Without health insurance or a primary care provider to consult with on non-emergency medical issues, José (who immigrated to the U.S. from Mexico in 1999 and did not provide his last name), was rushed to the Roxborough Memorial Hospital last year in acute pain. After he was stabilized, José learned that the problem was his gallbladder, and that the treatment was surgery to remove the organ. But if just accessing primary care was a difficult hill for José to climb, arranging and paying for a major surgery felt downright insurmountable. What was more likely, though far from ideal, José thought, was that he’d deal with the intermittent pain until his gallbladder eventually ruptured, sending him back to the hospital for a lifesaving medical intervention.
After José was released from the emergency room, a friend told him about Puentes de Salud, a Spanish-language community center that serves many undocumented immigrants at 17th and South Streets in Philadelphia. The clinic’s staff soon connected him with Penn Medicine’s Center for Surgical Health, a new program with the goal of connecting underserved patients with the surgical care they need but struggle to access.
The Center for Surgical Health grew out of a Perelman School of Medicine free clinic called the University City Hospitality Coalition, which provides medical consultations for uninsured patients. Patients would come to the clinic with complex surgical needs but few tools with which to navigate the health care system, said Alan Herbst, now a Penn general surgery resident who had volunteered at the free clinic when he was a medical student.
Maybe instead of expecting these underserved patients to find their way to surgery through a web of complexities, the students thought, we could promote health equity by bringing surgery to them. It took a few years to lay the groundwork—and a full year to get the first patient to surgery—before the Center for Surgical Health officially launched.
The center, housed in the Department of Surgery, is thought to be the first of its kind. The team, now comprised of some 150 volunteer faculty, residents, medical students, and graduate students, knows of no other academic medical center that has a program guiding underserved patients from pre- to post-surgery. When patients are able to schedule planned surgeries, instead of coming to the emergency room only after their conditions have escalated, they are more likely to have shorter hospital stays, a quicker return to work, and more financial stability.

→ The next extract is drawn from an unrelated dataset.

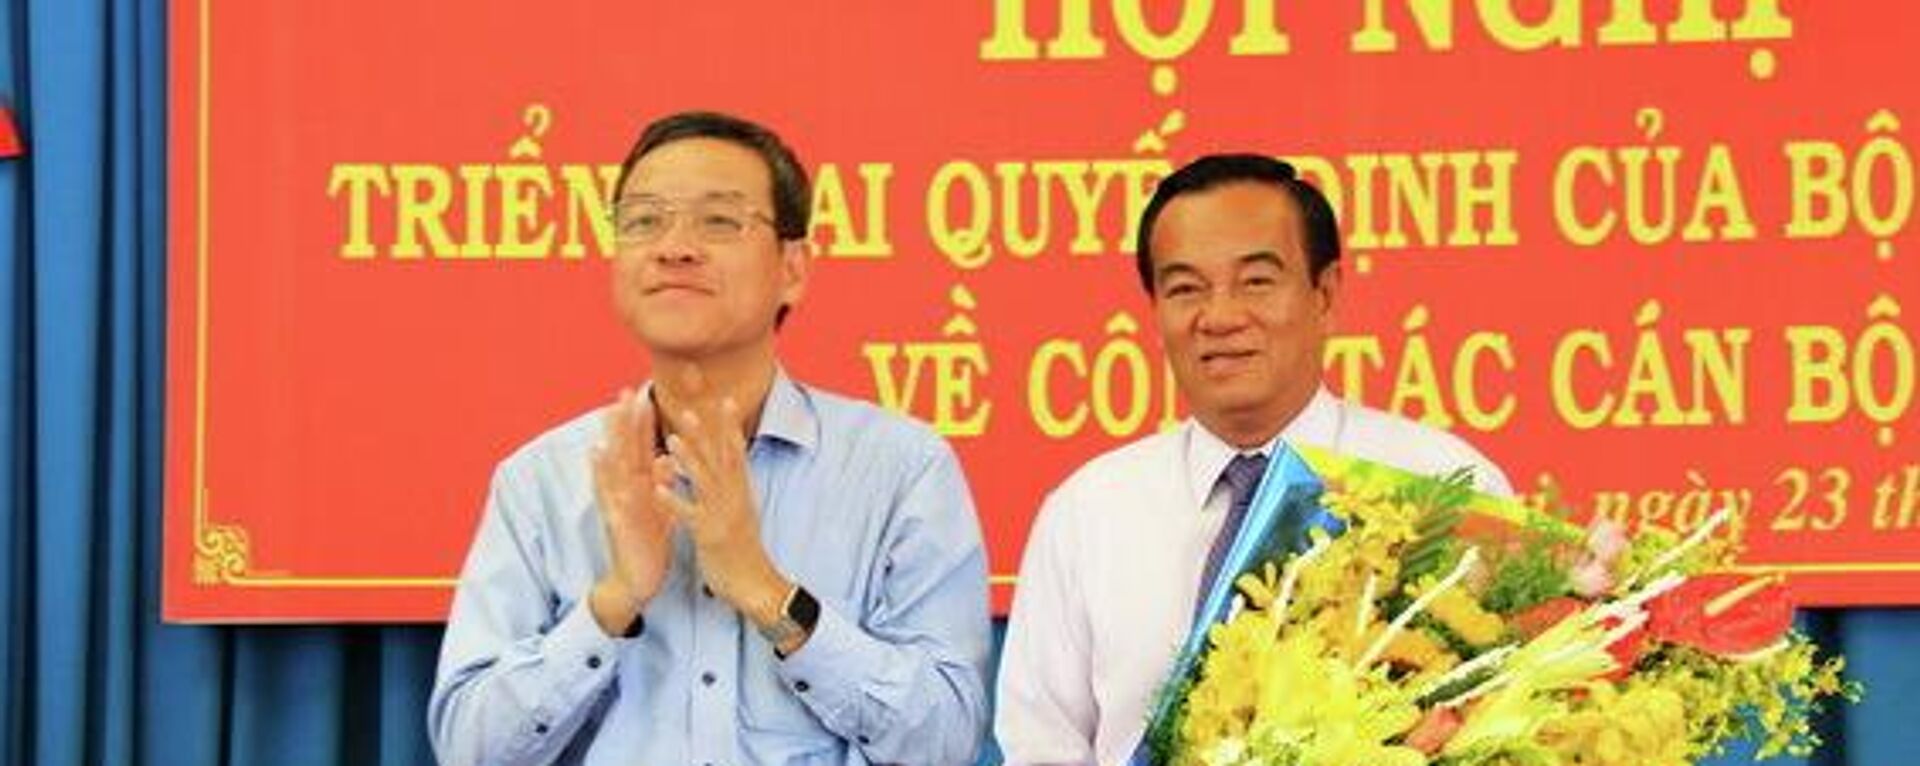 Chủ tịch Đinh Quốc Thái và Trần Đình Thành Bí thư Tỉnh ủy Đồng Nai tại cuộc họp giao ban năm 2016 - Sputnik Việt Nam, 1920, 19.10.2022

At the core of the center’s work is the “personal patient navigator.” The navigator, usually a medical student, helps pave the patient’s way from the initial referral to the operating room and through post-operative care. José’s navigator was Linda Saikali, a second-year medical student who now leads the center’s women’s health division. Saikali says she volunteers with the center, in part, because she’s considering a career in surgery. “That,” she says, “combined with the direct way this organization helps reduce disparities in the community, was really appealing to me.”